» Task to complete
Return every line below exactly, leaving nothing out.

--- START ---

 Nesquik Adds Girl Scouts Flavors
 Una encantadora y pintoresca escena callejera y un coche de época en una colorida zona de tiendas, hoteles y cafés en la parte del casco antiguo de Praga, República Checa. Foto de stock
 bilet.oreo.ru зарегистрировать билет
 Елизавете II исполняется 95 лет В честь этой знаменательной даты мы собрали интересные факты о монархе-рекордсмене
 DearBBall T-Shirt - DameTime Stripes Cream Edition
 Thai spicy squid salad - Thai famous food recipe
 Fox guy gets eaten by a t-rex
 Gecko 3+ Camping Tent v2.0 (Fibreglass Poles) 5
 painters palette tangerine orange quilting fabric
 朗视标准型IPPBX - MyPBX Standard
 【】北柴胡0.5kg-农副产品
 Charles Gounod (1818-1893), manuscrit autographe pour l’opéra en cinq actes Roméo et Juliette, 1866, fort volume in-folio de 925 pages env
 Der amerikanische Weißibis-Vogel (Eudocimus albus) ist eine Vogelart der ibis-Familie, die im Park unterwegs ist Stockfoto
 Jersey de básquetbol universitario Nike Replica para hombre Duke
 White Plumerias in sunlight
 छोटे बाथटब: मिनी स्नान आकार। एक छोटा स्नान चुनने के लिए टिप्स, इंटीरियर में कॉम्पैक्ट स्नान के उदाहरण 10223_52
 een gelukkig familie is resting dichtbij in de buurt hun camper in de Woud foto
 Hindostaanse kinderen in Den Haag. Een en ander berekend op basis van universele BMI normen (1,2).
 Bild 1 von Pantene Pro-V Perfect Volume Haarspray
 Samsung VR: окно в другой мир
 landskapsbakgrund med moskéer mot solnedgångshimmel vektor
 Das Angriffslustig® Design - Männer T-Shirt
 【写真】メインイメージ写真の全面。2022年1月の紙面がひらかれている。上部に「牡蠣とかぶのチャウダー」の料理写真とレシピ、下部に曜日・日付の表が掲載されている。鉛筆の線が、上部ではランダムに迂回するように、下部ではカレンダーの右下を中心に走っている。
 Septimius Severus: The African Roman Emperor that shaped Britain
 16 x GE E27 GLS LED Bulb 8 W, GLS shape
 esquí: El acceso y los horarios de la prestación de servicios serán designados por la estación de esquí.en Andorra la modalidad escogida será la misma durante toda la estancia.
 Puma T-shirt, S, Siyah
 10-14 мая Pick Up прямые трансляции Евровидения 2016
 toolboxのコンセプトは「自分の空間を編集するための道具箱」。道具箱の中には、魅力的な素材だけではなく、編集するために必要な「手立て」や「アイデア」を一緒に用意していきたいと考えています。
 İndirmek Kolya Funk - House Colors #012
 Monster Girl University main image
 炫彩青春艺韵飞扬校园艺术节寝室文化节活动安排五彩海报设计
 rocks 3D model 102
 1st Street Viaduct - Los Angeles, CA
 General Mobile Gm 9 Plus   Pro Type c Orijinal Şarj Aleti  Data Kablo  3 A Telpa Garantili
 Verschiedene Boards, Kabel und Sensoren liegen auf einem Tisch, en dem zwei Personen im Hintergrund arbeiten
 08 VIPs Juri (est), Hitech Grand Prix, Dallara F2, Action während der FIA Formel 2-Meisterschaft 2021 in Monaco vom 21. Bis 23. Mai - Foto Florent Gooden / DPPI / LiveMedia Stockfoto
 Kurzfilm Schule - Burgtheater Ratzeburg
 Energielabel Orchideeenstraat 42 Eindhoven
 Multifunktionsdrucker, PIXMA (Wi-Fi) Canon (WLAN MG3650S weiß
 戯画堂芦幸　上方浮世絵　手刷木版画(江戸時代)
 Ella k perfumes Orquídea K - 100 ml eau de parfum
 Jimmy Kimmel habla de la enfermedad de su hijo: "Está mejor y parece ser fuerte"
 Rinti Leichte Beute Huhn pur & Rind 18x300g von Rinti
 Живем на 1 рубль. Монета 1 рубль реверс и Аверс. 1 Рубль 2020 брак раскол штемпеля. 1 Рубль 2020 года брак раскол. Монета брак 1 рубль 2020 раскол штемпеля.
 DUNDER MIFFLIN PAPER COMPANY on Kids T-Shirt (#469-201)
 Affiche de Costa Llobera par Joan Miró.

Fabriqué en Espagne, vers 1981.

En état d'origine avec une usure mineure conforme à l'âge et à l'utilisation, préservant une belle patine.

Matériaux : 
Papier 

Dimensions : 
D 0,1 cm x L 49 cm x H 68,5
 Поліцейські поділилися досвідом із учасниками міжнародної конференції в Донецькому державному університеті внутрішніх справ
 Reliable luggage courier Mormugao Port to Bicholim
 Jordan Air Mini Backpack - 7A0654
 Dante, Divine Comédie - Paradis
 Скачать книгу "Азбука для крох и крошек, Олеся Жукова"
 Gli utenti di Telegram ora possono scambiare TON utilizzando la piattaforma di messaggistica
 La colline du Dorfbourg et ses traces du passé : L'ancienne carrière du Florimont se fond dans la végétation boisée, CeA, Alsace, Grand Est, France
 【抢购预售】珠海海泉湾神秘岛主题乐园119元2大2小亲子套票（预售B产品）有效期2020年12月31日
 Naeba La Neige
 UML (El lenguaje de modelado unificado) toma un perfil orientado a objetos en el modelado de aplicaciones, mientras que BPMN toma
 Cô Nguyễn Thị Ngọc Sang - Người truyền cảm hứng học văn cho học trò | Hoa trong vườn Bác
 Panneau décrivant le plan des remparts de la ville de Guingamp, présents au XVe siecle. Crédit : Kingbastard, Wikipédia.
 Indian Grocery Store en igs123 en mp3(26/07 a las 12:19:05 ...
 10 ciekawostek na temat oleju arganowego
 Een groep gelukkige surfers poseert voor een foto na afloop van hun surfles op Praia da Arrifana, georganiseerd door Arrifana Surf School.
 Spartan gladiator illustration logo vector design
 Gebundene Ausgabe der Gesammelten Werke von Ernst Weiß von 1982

--- END ---

» Task response
 Nesquik Adds Girl Scouts Flavors
 Una encantadora y pintoresca escena callejera y un coche de época en una colorida zona de tiendas, hoteles y cafés en la parte del casco antiguo de Praga, República Checa. Foto de stock
 bilet.oreo.ru зарегистрировать билет
 Елизавете II исполняется 95 лет В честь этой знаменательной даты мы собрали интересные факты о монархе-рекордсмене
 DearBBall T-Shirt - DameTime Stripes Cream Edition
 Thai spicy squid salad - Thai famous food recipe
 Fox guy gets eaten by a t-rex
 Gecko 3+ Camping Tent v2.0 (Fibreglass Poles) 5
 painters palette tangerine orange quilting fabric
 朗视标准型IPPBX - MyPBX Standard
 【】北柴胡0.5kg-农副产品
 Charles Gounod (1818-1893), manuscrit autographe pour l’opéra en cinq actes Roméo et Juliette, 1866, fort volume in-folio de 925 pages env
 Der amerikanische Weißibis-Vogel (Eudocimus albus) ist eine Vogelart der ibis-Familie, die im Park unterwegs ist Stockfoto
 Jersey de básquetbol universitario Nike Replica para hombre Duke
 White Plumerias in sunlight
 छोटे बाथटब: मिनी स्नान आकार। एक छोटा स्नान चुनने के लिए टिप्स, इंटीरियर में कॉम्पैक्ट स्नान के उदाहरण 10223_52
 een gelukkig familie is resting dichtbij in de buurt hun camper in de Woud foto
 Hindostaanse kinderen in Den Haag. Een en ander berekend op basis van universele BMI normen (1,2).
 Bild 1 von Pantene Pro-V Perfect Volume Haarspray
 Samsung VR: окно в другой мир
 landskapsbakgrund med moskéer mot solnedgångshimmel vektor
 Das Angriffslustig® Design - Männer T-Shirt
 【写真】メインイメージ写真の全面。2022年1月の紙面がひらかれている。上部に「牡蠣とかぶのチャウダー」の料理写真とレシピ、下部に曜日・日付の表が掲載されている。鉛筆の線が、上部ではランダムに迂回するように、下部ではカレンダーの右下を中心に走っている。
 Septimius Severus: The African Roman Emperor that shaped Britain
 16 x GE E27 GLS LED Bulb 8 W, GLS shape
 esquí: El acceso y los horarios de la prestación de servicios serán designados por la estación de esquí.en Andorra la modalidad escogida será la misma durante toda la estancia.
 Puma T-shirt, S, Siyah
 10-14 мая Pick Up прямые трансляции Евровидения 2016
 toolboxのコンセプトは「自分の空間を編集するための道具箱」。道具箱の中には、魅力的な素材だけではなく、編集するために必要な「手立て」や「アイデア」を一緒に用意していきたいと考えています。
 İndirmek Kolya Funk - House Colors #012
 Monster Girl University main image
 炫彩青春艺韵飞扬校园艺术节寝室文化节活动安排五彩海报设计
 rocks 3D model 102
 1st Street Viaduct - Los Angeles, CA
 General Mobile Gm 9 Plus   Pro Type c Orijinal Şarj Aleti  Data Kablo  3 A Telpa Garantili
 Verschiedene Boards, Kabel und Sensoren liegen auf einem Tisch, en dem zwei Personen im Hintergrund arbeiten
 08 VIPs Juri (est), Hitech Grand Prix, Dallara F2, Action während der FIA Formel 2-Meisterschaft 2021 in Monaco vom 21. Bis 23. Mai - Foto Florent Gooden / DPPI / LiveMedia Stockfoto
 Kurzfilm Schule - Burgtheater Ratzeburg
 Energielabel Orchideeenstraat 42 Eindhoven
 Multifunktionsdrucker, PIXMA (Wi-Fi) Canon (WLAN MG3650S weiß
 戯画堂芦幸　上方浮世絵　手刷木版画(江戸時代)
 Ella k perfumes Orquídea K - 100 ml eau de parfum
 Jimmy Kimmel habla de la enfermedad de su hijo: "Está mejor y parece ser fuerte"
 Rinti Leichte Beute Huhn pur & Rind 18x300g von Rinti
 Живем на 1 рубль. Монета 1 рубль реверс и Аверс. 1 Рубль 2020 брак раскол штемпеля. 1 Рубль 2020 года брак раскол. Монета брак 1 рубль 2020 раскол штемпеля.
 DUNDER MIFFLIN PAPER COMPANY on Kids T-Shirt (#469-201)
 Affiche de Costa Llobera par Joan Miró.

Fabriqué en Espagne, vers 1981.

En état d'origine avec une usure mineure conforme à l'âge et à l'utilisation, préservant une belle patine.

Matériaux : 
Papier 

Dimensions : 
D 0,1 cm x L 49 cm x H 68,5
 Поліцейські поділилися досвідом із учасниками міжнародної конференції в Донецькому державному університеті внутрішніх справ
 Reliable luggage courier Mormugao Port to Bicholim
 Jordan Air Mini Backpack - 7A0654
 Dante, Divine Comédie - Paradis
 Скачать книгу "Азбука для крох и крошек, Олеся Жукова"
 Gli utenti di Telegram ora possono scambiare TON utilizzando la piattaforma di messaggistica
 La colline du Dorfbourg et ses traces du passé : L'ancienne carrière du Florimont se fond dans la végétation boisée, CeA, Alsace, Grand Est, France
 【抢购预售】珠海海泉湾神秘岛主题乐园119元2大2小亲子套票（预售B产品）有效期2020年12月31日
 Naeba La Neige
 UML (El lenguaje de modelado unificado) toma un perfil orientado a objetos en el modelado de aplicaciones, mientras que BPMN toma
 Cô Nguyễn Thị Ngọc Sang - Người truyền cảm hứng học văn cho học trò | Hoa trong vườn Bác
 Panneau décrivant le plan des remparts de la ville de Guingamp, présents au XVe siecle. Crédit : Kingbastard, Wikipédia.
 Indian Grocery Store en igs123 en mp3(26/07 a las 12:19:05 ...
 10 ciekawostek na temat oleju arganowego
 Een groep gelukkige surfers poseert voor een foto na afloop van hun surfles op Praia da Arrifana, georganiseerd door Arrifana Surf School.
 Spartan gladiator illustration logo vector design
 Gebundene Ausgabe der Gesammelten Werke von Ernst Weiß von 1982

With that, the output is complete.